First 40 Days of Pregnancy: “Merely Water”
The Mishnah states that a fetus miscarried within its first forty days does not induce birth-related ritual impurity, for there is no concern that a child had already been formed:
משנה נדה ג:ז הַמַּפֶּלֶת לְיוֹם אַרְבָּעִים, אֵינָהּ חוֹשֶׁשֶׁת לְוָלָד. לְיוֹם אַרְבָּעִים וְאֶחָד, תֵּשֵׁב לְזָכָר וְלִנְקֵבָה וּלְנִדָּה.

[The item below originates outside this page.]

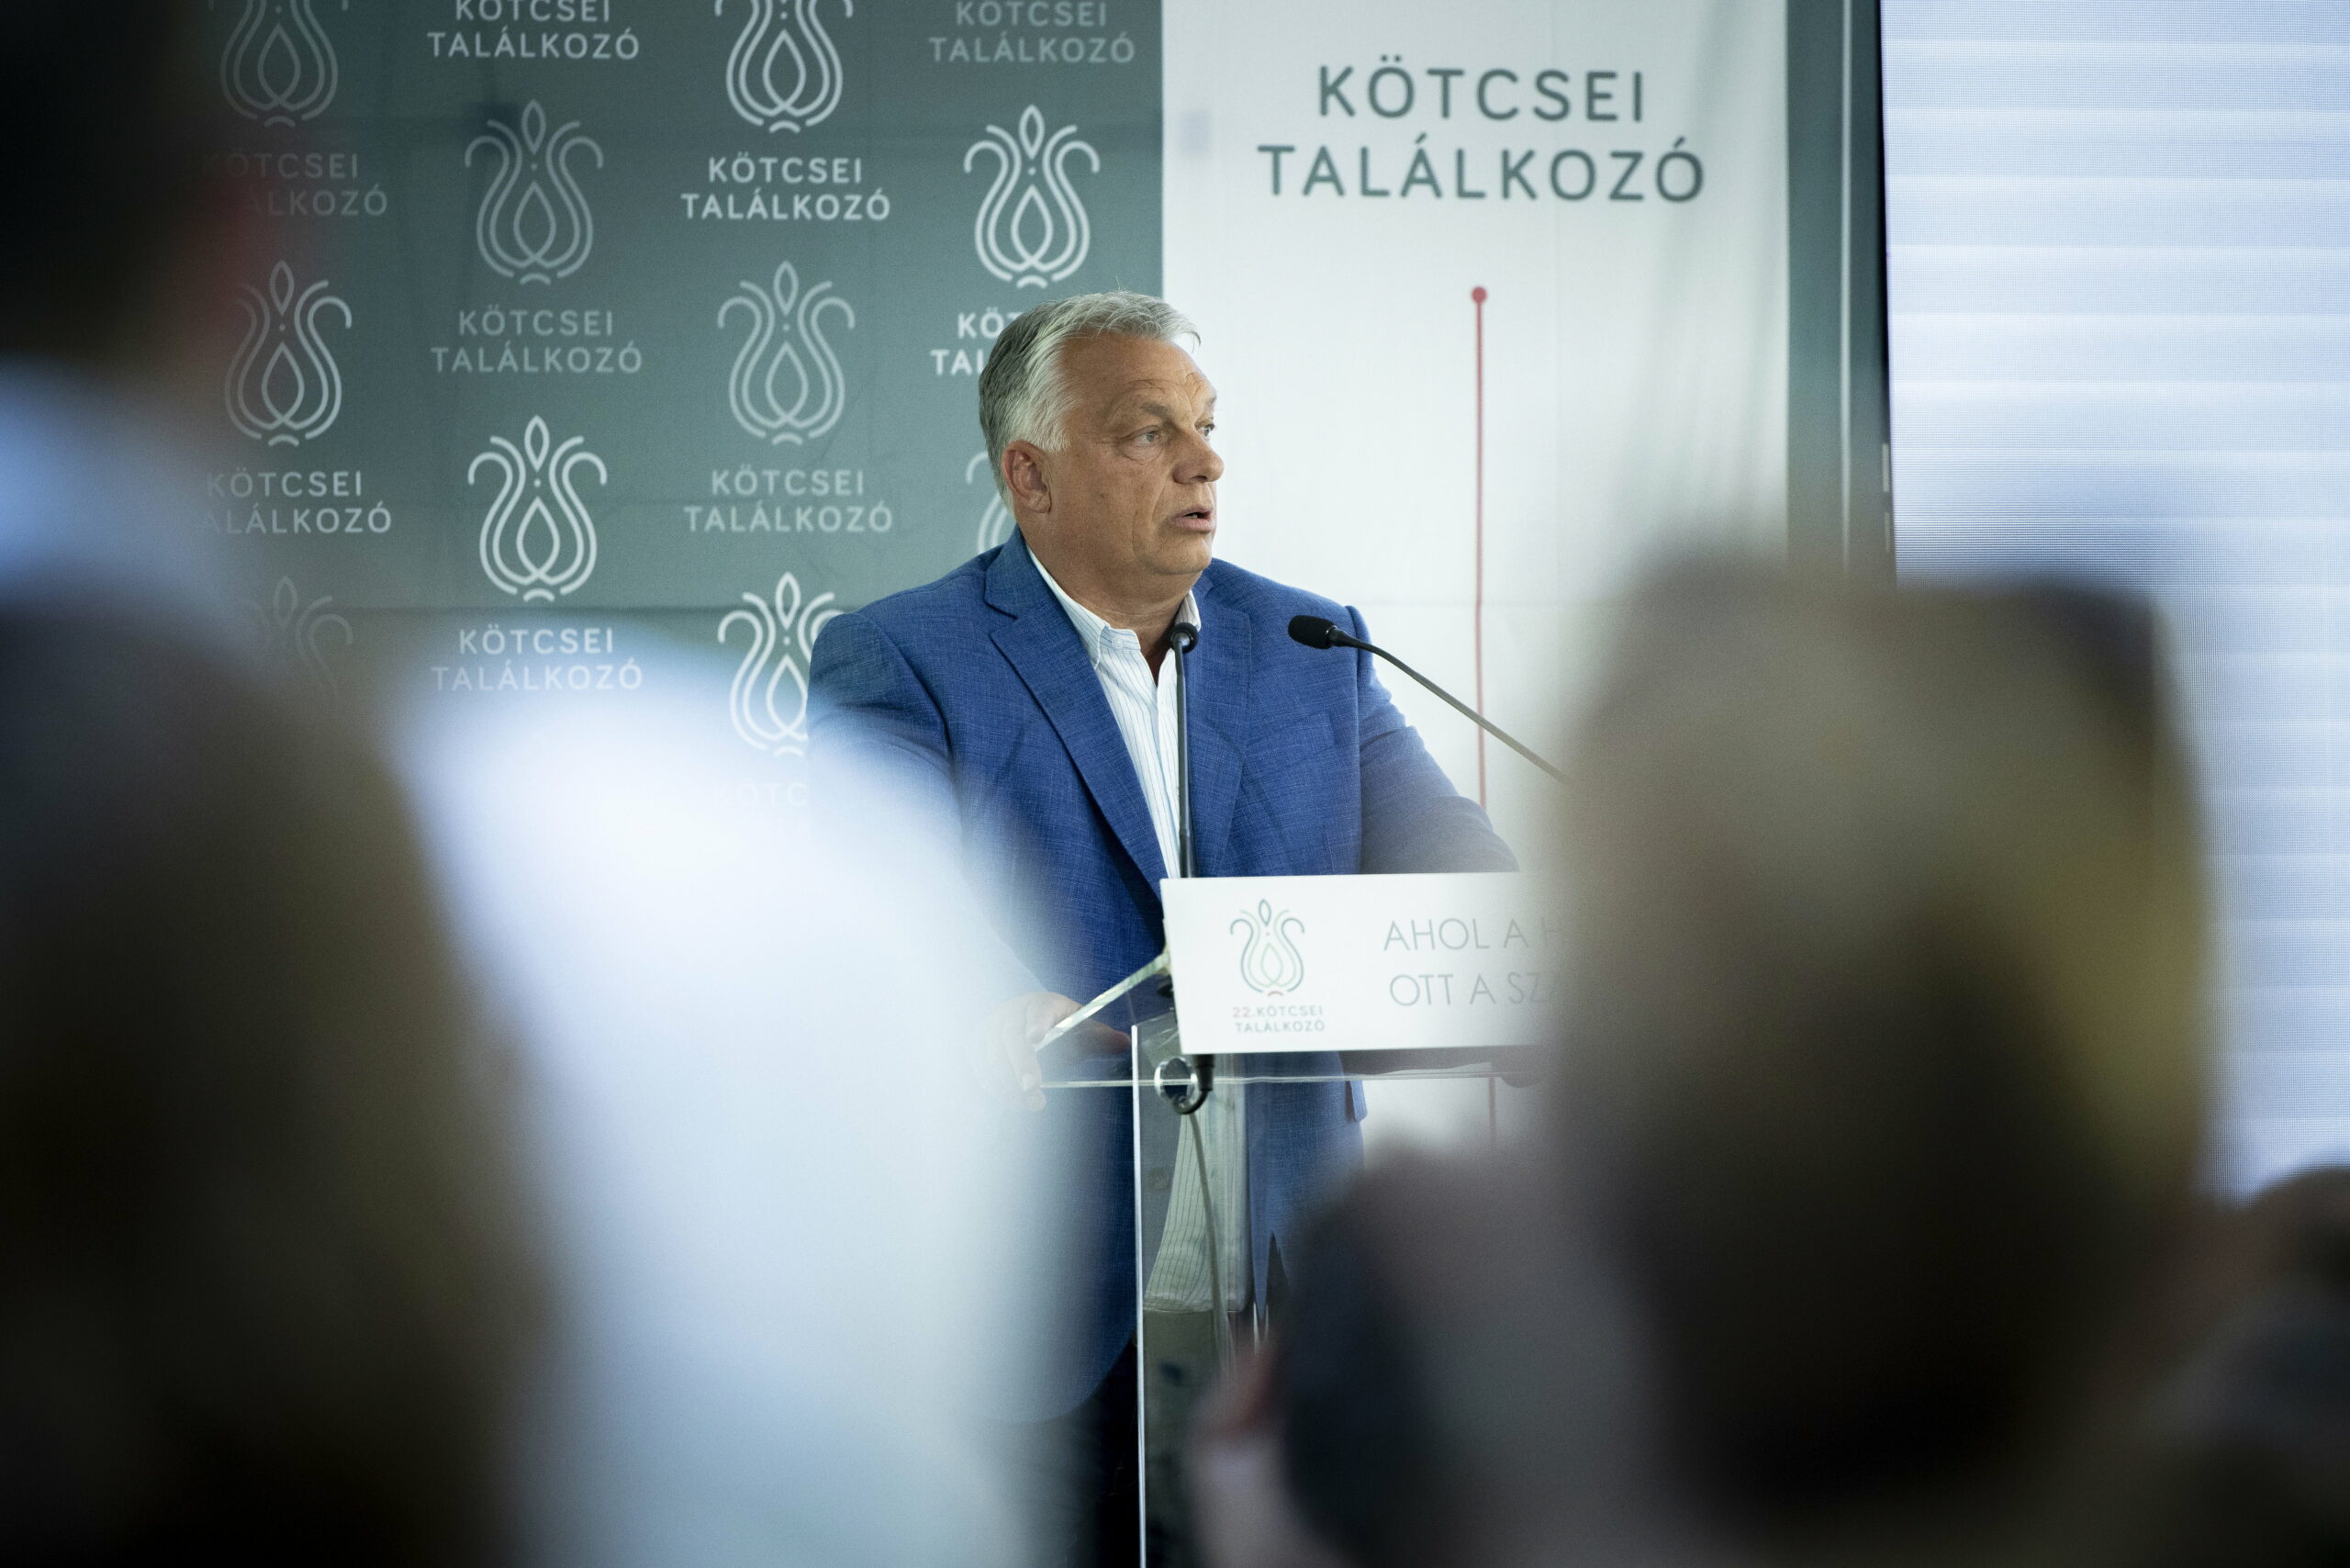 50 százalék az esélye annak, hogy az Európai Unió széthullik – erről beszélt Orbán Viktor Kötcsén Fricz Tamás szerint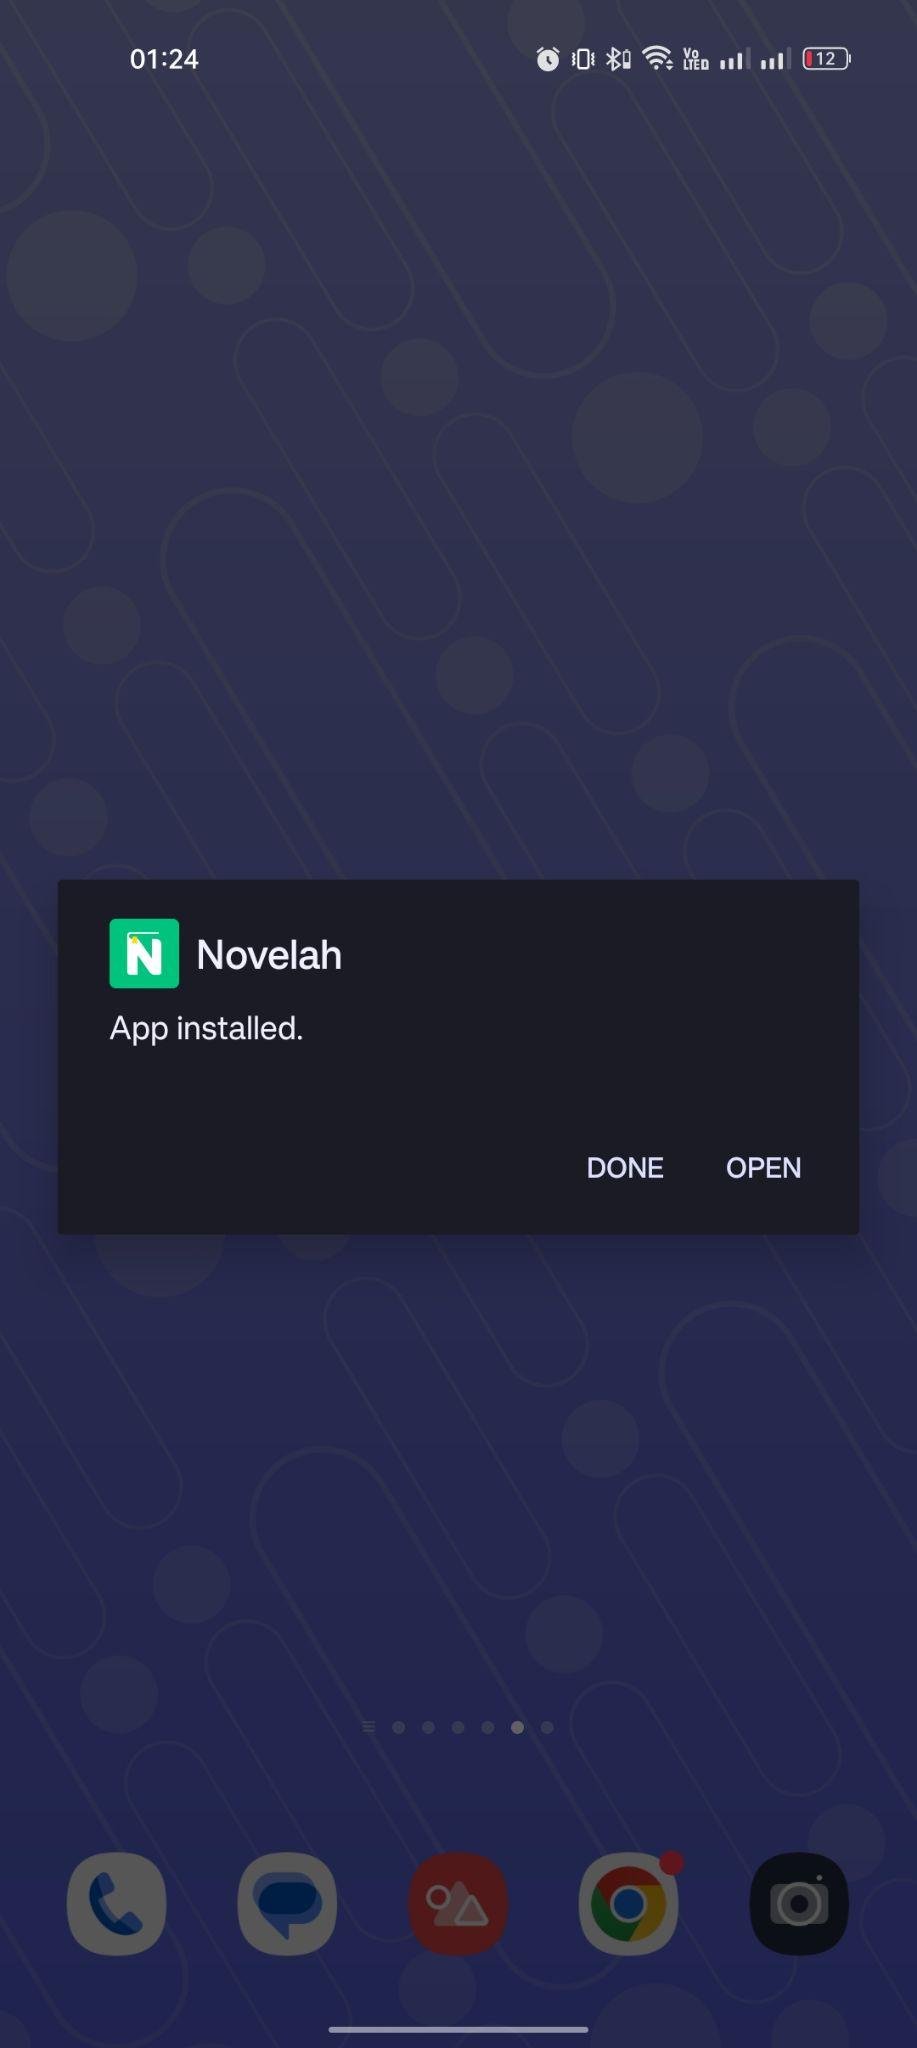 Novelah apk installed

m. Niddah 3:7 [If] a [woman] miscarries on the fortieth day, she need not be concerned about [it being] a fetus. On the forty-first day, she should count [her birth impurity as] for both male and female, and her menstrual impurity.[2]
רַבִּי יִשְׁמָעֵאל אוֹמֵר, יוֹם אַרְבָּעִים וְאֶחָד, תֵּשֵׁב לְזָכָר וּלְנִדָּה. יוֹם שְׁמוֹנִים וְאֶחָד, תֵּשֵׁב לְזָכָר וְלִנְקֵבָה וּלְנִדָּה, שֶׁהַזָּכָר נִגְמָר לְאַרְבָּעִים וְאֶחָד, וְהַנְּקֵבָה לִשְׁמוֹנִים וְאֶחָד.
R. Ishmael says: [On] the forty-first day, she should count [her birth impurity as] for a male and her menstrual impurity. [On] the eighty-first day, she should count [her birth impurity as] for both male and female, and her menstrual impurity, since the male [fetus] is completed on the forty-first day, and the female [fetus] on the eighty-first.
וַחֲכָמִים אוֹמְרִים, אֶחָד בְּרִיַּת הַזָּכָר וְאֶחָד בְּרִיַּת הַנְּקֵבָה, זֶה וָזֶה לְאַרְבָּעִים וְאֶחָד.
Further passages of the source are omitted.